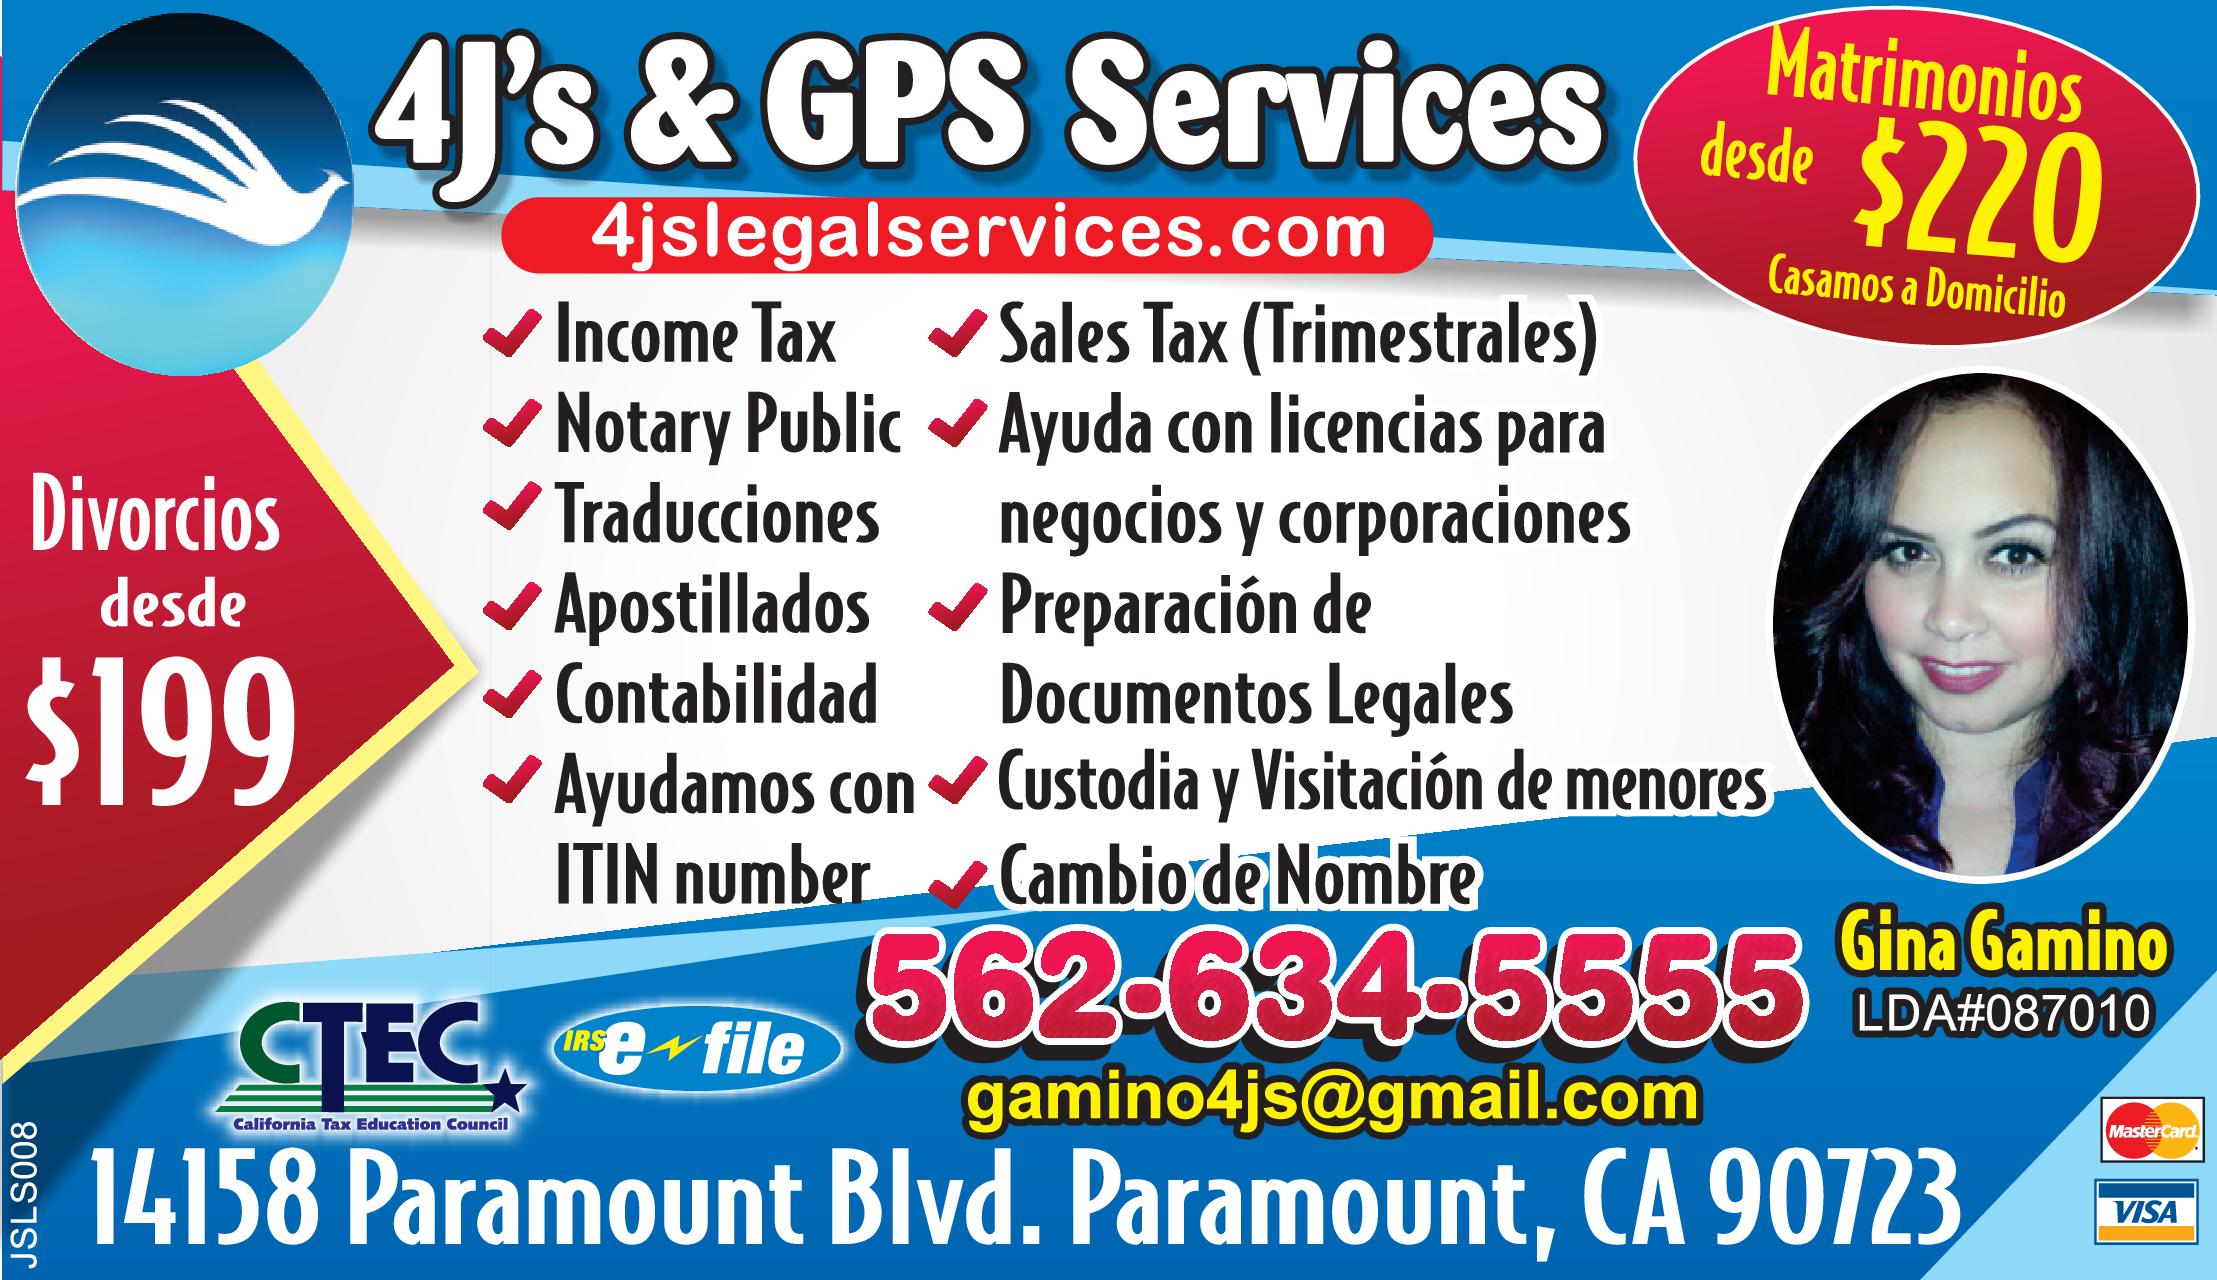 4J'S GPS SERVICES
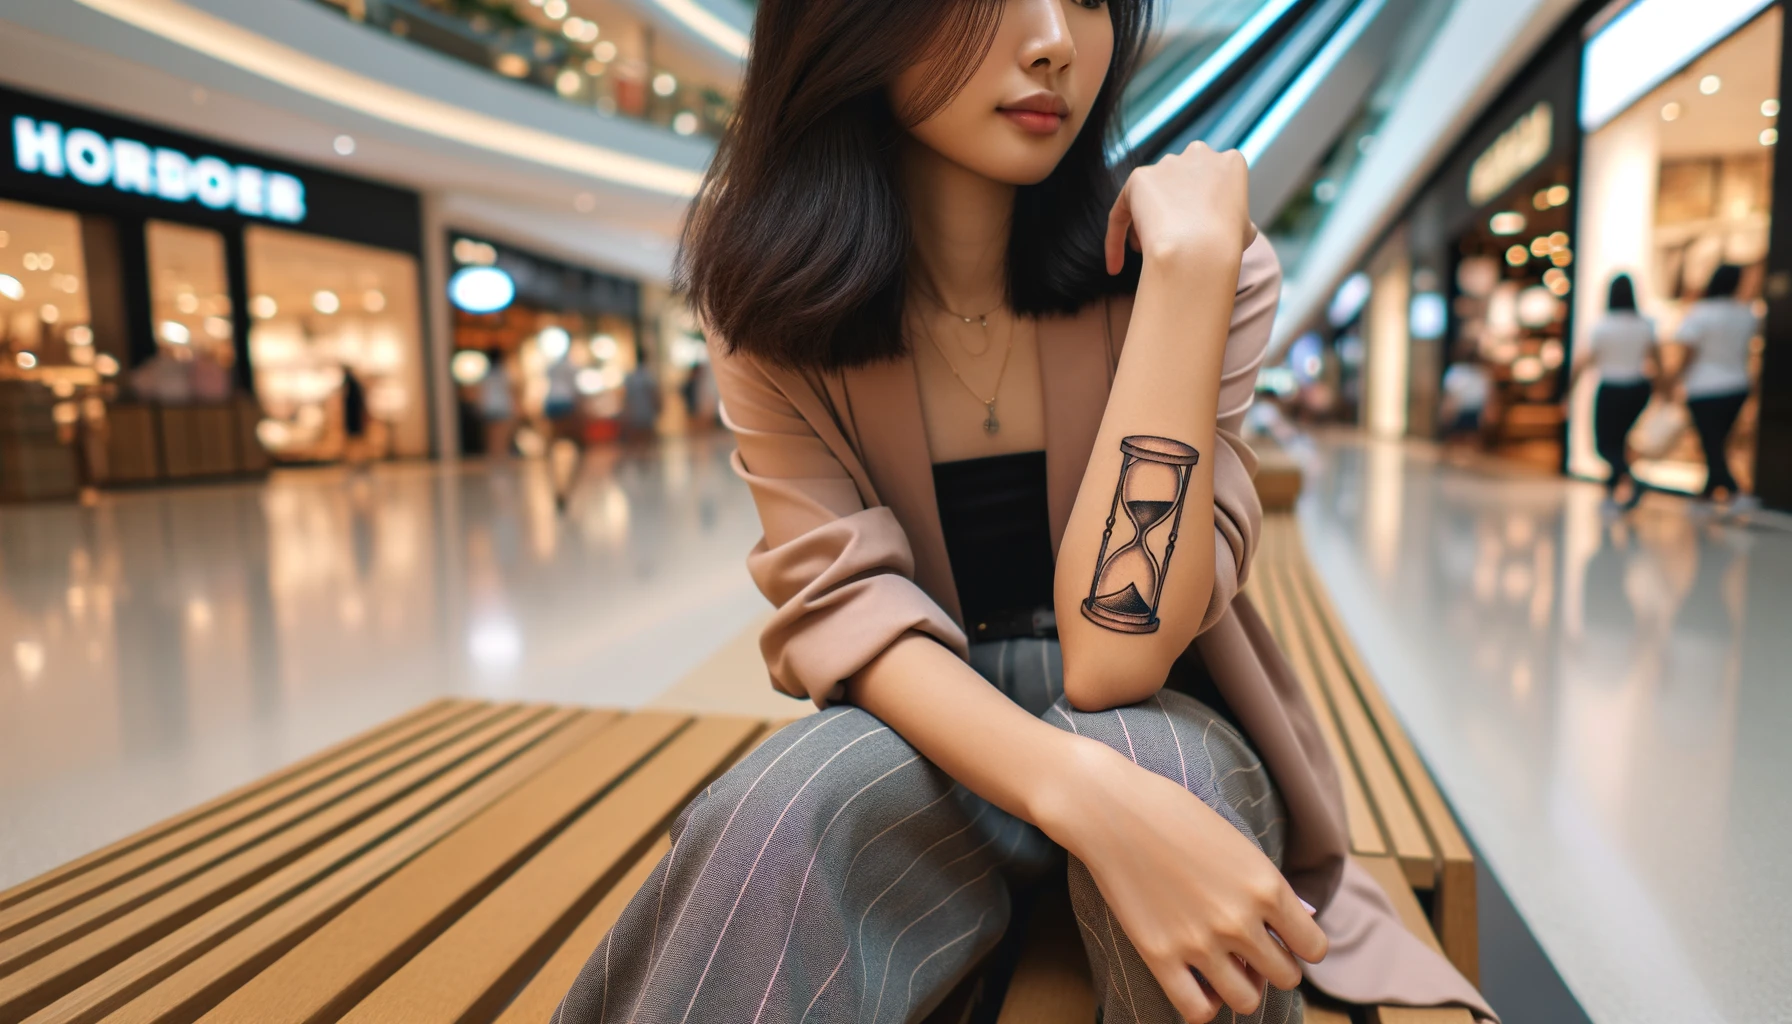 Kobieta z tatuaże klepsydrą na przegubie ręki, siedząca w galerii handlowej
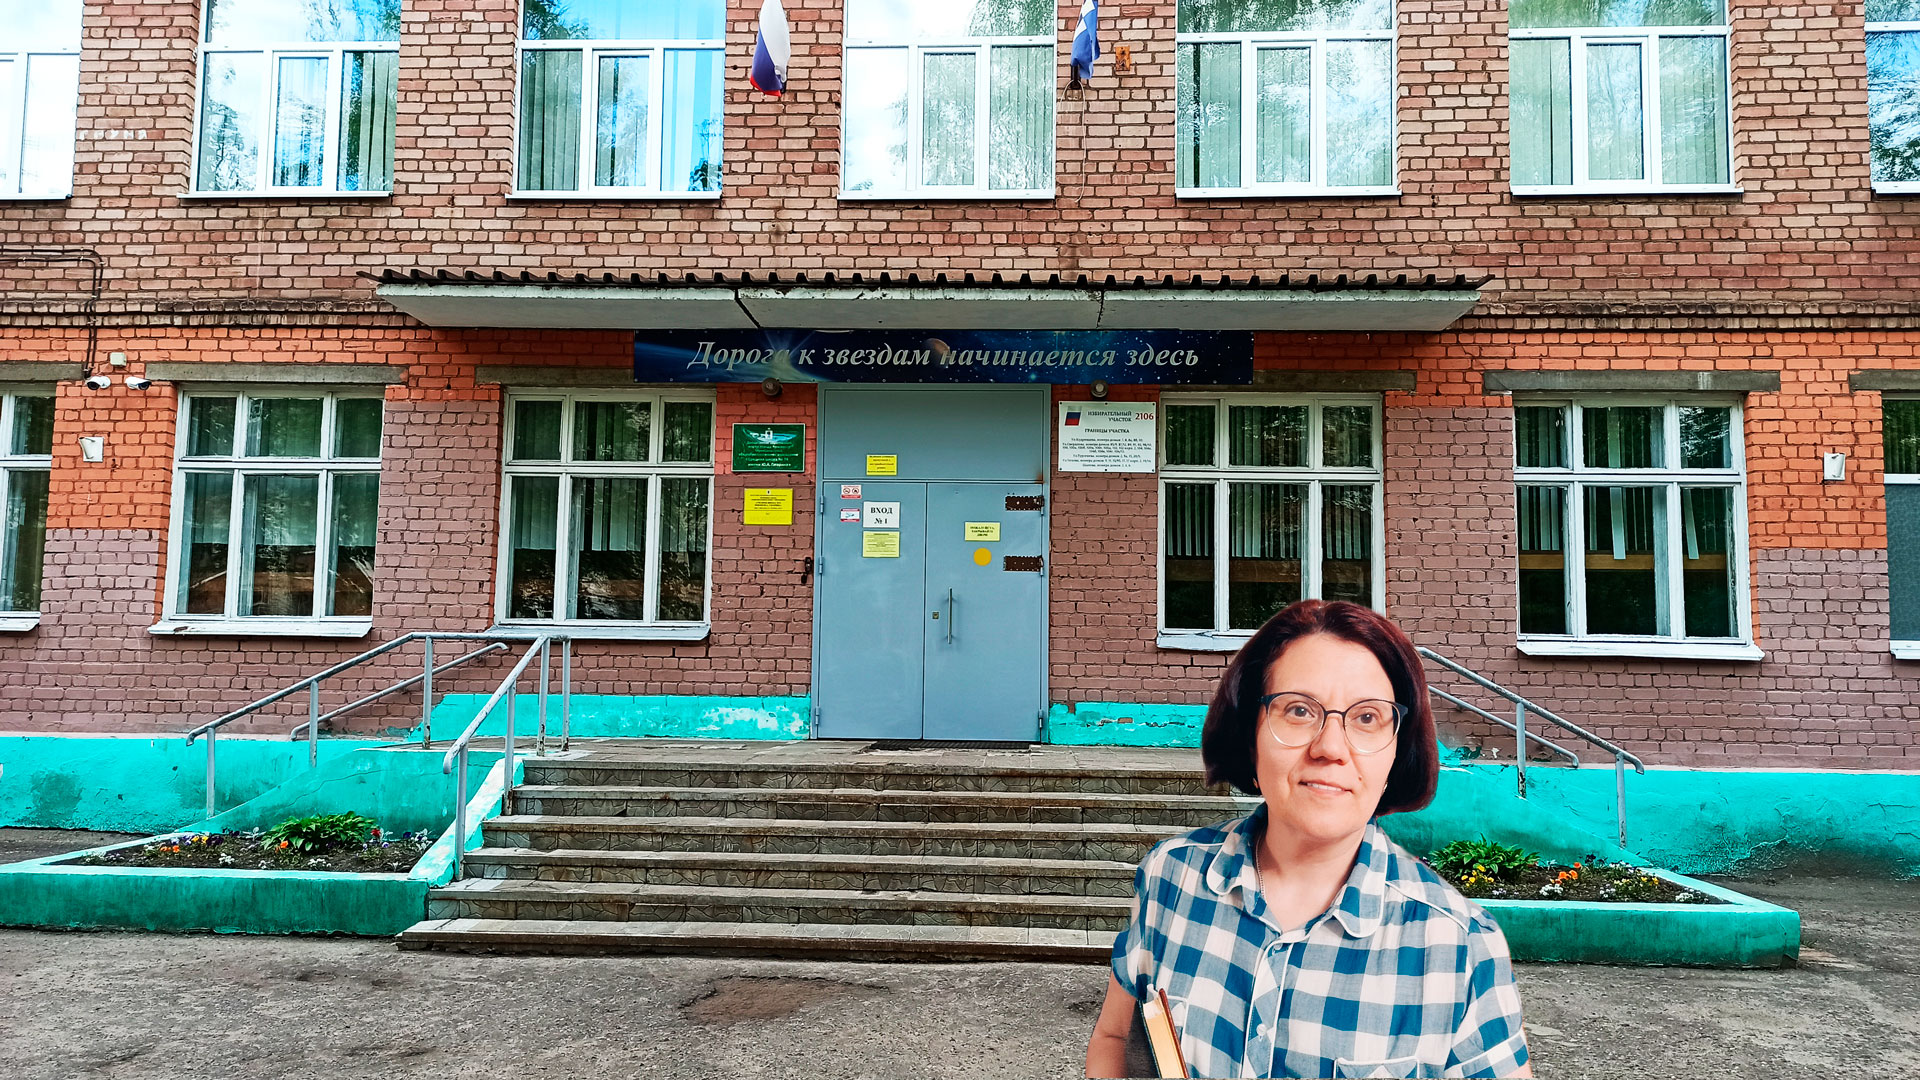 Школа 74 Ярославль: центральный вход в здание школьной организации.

Exercise aim -
The result should be the same data as above, line for line, with the pictures gone.

Response area -
 4J'S GPS SERVICES
 Kobieta z tatuaże klepsydrą na przegubie ręki, siedząca w galerii handlowej
 Школа 74 Ярославль: центральный вход в здание школьной организации.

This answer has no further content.